Читаем Желание быть городом. Итальянский травелог эпохи Твиттера в шести частях и тридцати пяти городах полностью

С помощью сотен художников раз в два года выстраивается пространство тотальной вненаходимости. Объектов, выставок, экспозиций, конструкций, инсталляций и всего прочего вплоть до библиотек, баров, кафе и книжных магазинов на территории биеннале так много, что можно выпасть из логики своей повседневной жизни, потеряться в легко распутываемом лабиринте национальных павильонов и основного проекта. Легко забыть про все, кроме желания удовлетворить зуд щенячьего любопытства, постоянно ожидающего сладкое на десерт.

В мире, где Дед Мороз умер и не подглядывает, чудеса случаются только на биеннале и на рождественских распродажах. Причем и в том, и в другом случае понятны механизмы, создающие такое чудо. Оно объяснимо и, значит, где-то совсем близко от нас. Достаточно купить билет и протянуть к нему руку.

Понятные чудеса не страшны, не странны, но поставлены на службу конкретному человеку, а то и всему человечеству сразу. Странные финтифлюшки, кракозябры, козюли из носа и прочая асимметричная чепуха успокаивает и упорядочивает мир вокруг: он предсказуем, следовательно, незыблем.

Кажется, в нынешнем (привычном нам) порядке мы заинтересованы больше, чем в продвинутом будущем.

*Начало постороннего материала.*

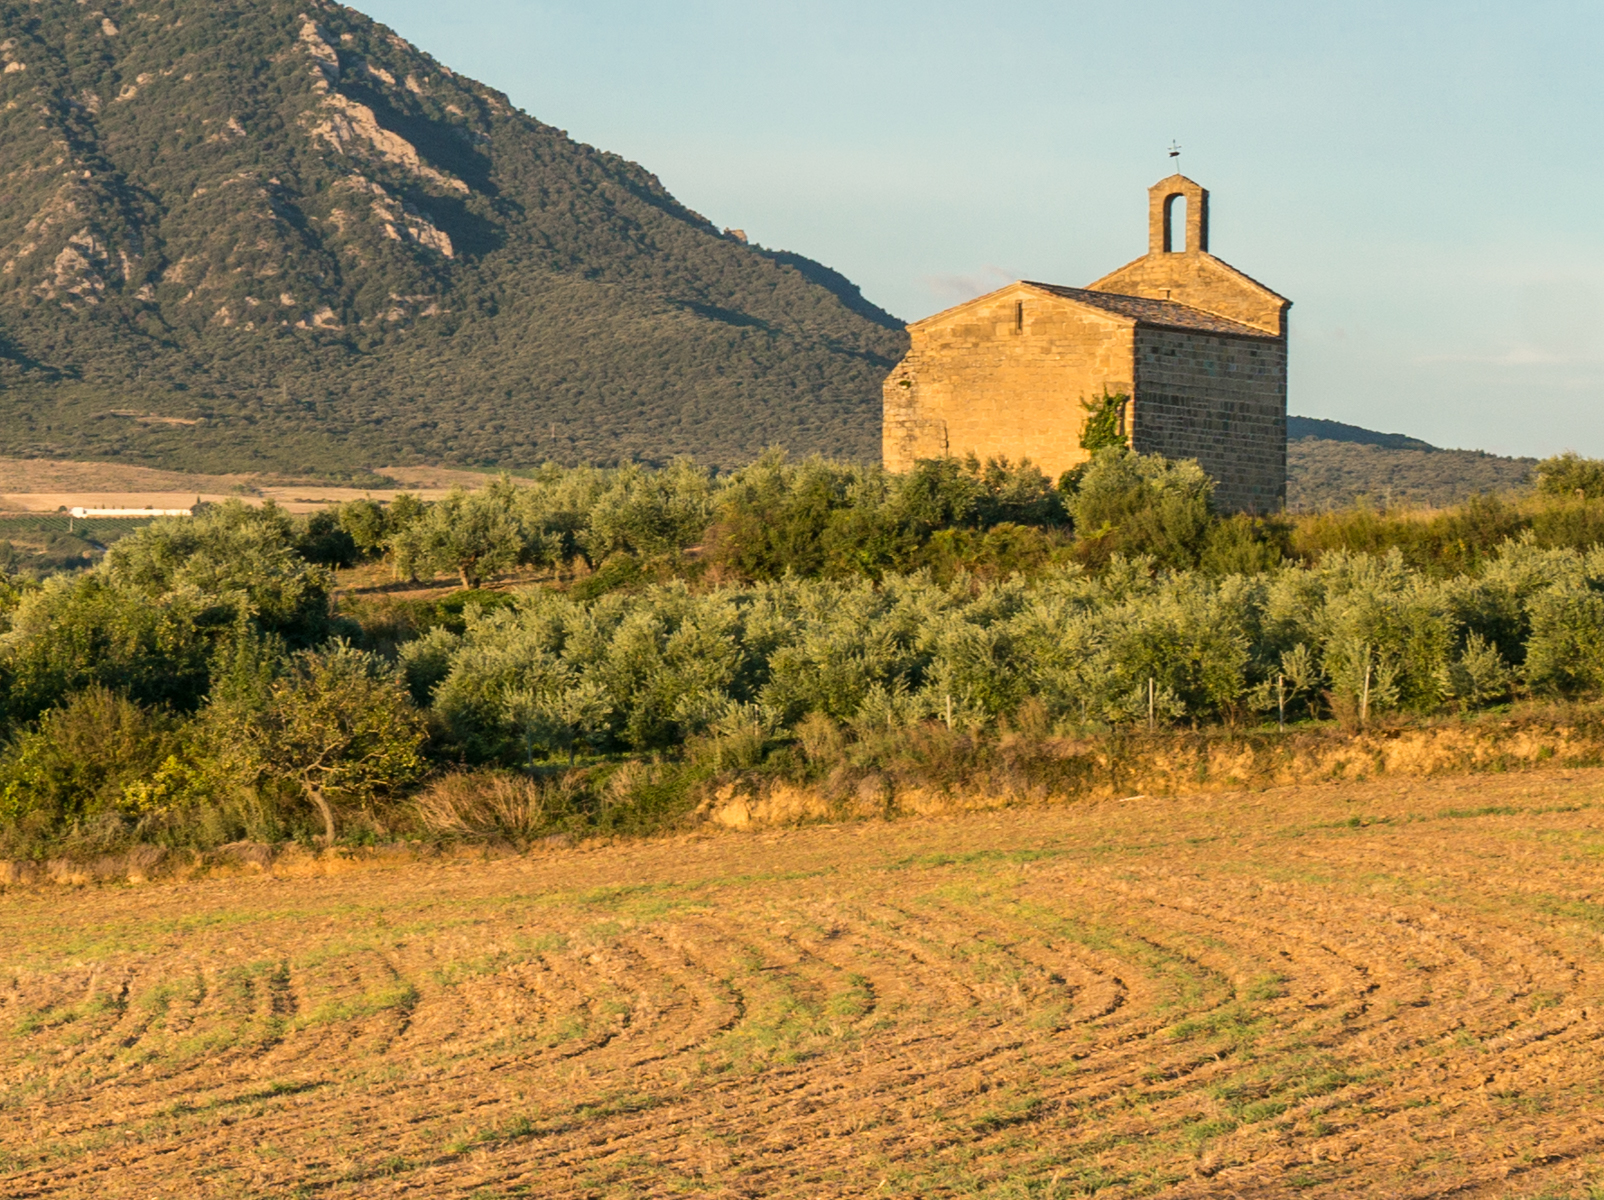 Barn in agricultural field viewed at early morning from Camino west of Villatuerta, Spain | Photo by Mike Hudak

«И смерть меня страшит», а биеннале, подобно коллективному Прусту, растягивает настоящее до безразмерных величин, позволяя мгновению длиться семь часов, а то и более.

Венеция, и сама по себе чудо вненаходимости, выгораживает внутри себя дополнительные зоны вненаходимости в квадрате. Попадая в город на воде, отчуждаешься от реальной жизни. Попадая на биеннале, отчуждаешься уже от самой Венеции.


Кажется, в феноменологии такая процедура называется «эпохЕ».

День без цели

Шел куда глаза глядят. Поднимался на смотровую площадку Fondaco dei tedeschi, прошел мимо обоих вивальдиевских церквей (фасад Пьеты теперь на ремонте и огорожен), хотел сходить в Сан-Заккарию, но она оказалась закрыта; считал, сколько раз увижу объявление о наборе в школу йоги – их тут, что ли, десятки. Кажется, йога в самом спокойном городе мира (без бензина, на одном газе да электричестве) – одно из самых востребованных занятий.

Разглядывал тициановский алтарь с «Преображением» в Сан-Сальвадоре, набитом шедеврами. Как я пропустил ее раньше? А тут просто мимо шел, когда зазвонили колокола. Значит, около пяти, начало темнеть. В Венеции много колокольного перезвона, и он здесь не малиновый, но червонного золота с оскоминой. Первым начинает некто всегда вдалеке, к нему присоединяется кто-то другой уже по соседству, и вот они начинают точно перемигиваться сигнальными огнями. А потом все как с цепи срываются, и звоны начинают биться в падучей со всех сторон. Я решил, что это знак, так как проходил мимо настежь раскрытых боковых дверей Сан-Сальвадора, тем более что сегодня наша домоправительница Анна («сама со Львова, в Венеции девять лет, трудно было только первые три года, особенно без языка, а теперь просто не могу без Венеции, хотя она, конечно, не подарок») подарила мне Новый Завет («может, вы в Венецию приехали, чтобы найти здесь Бога?»), и оттуда струился божественный желтый свет.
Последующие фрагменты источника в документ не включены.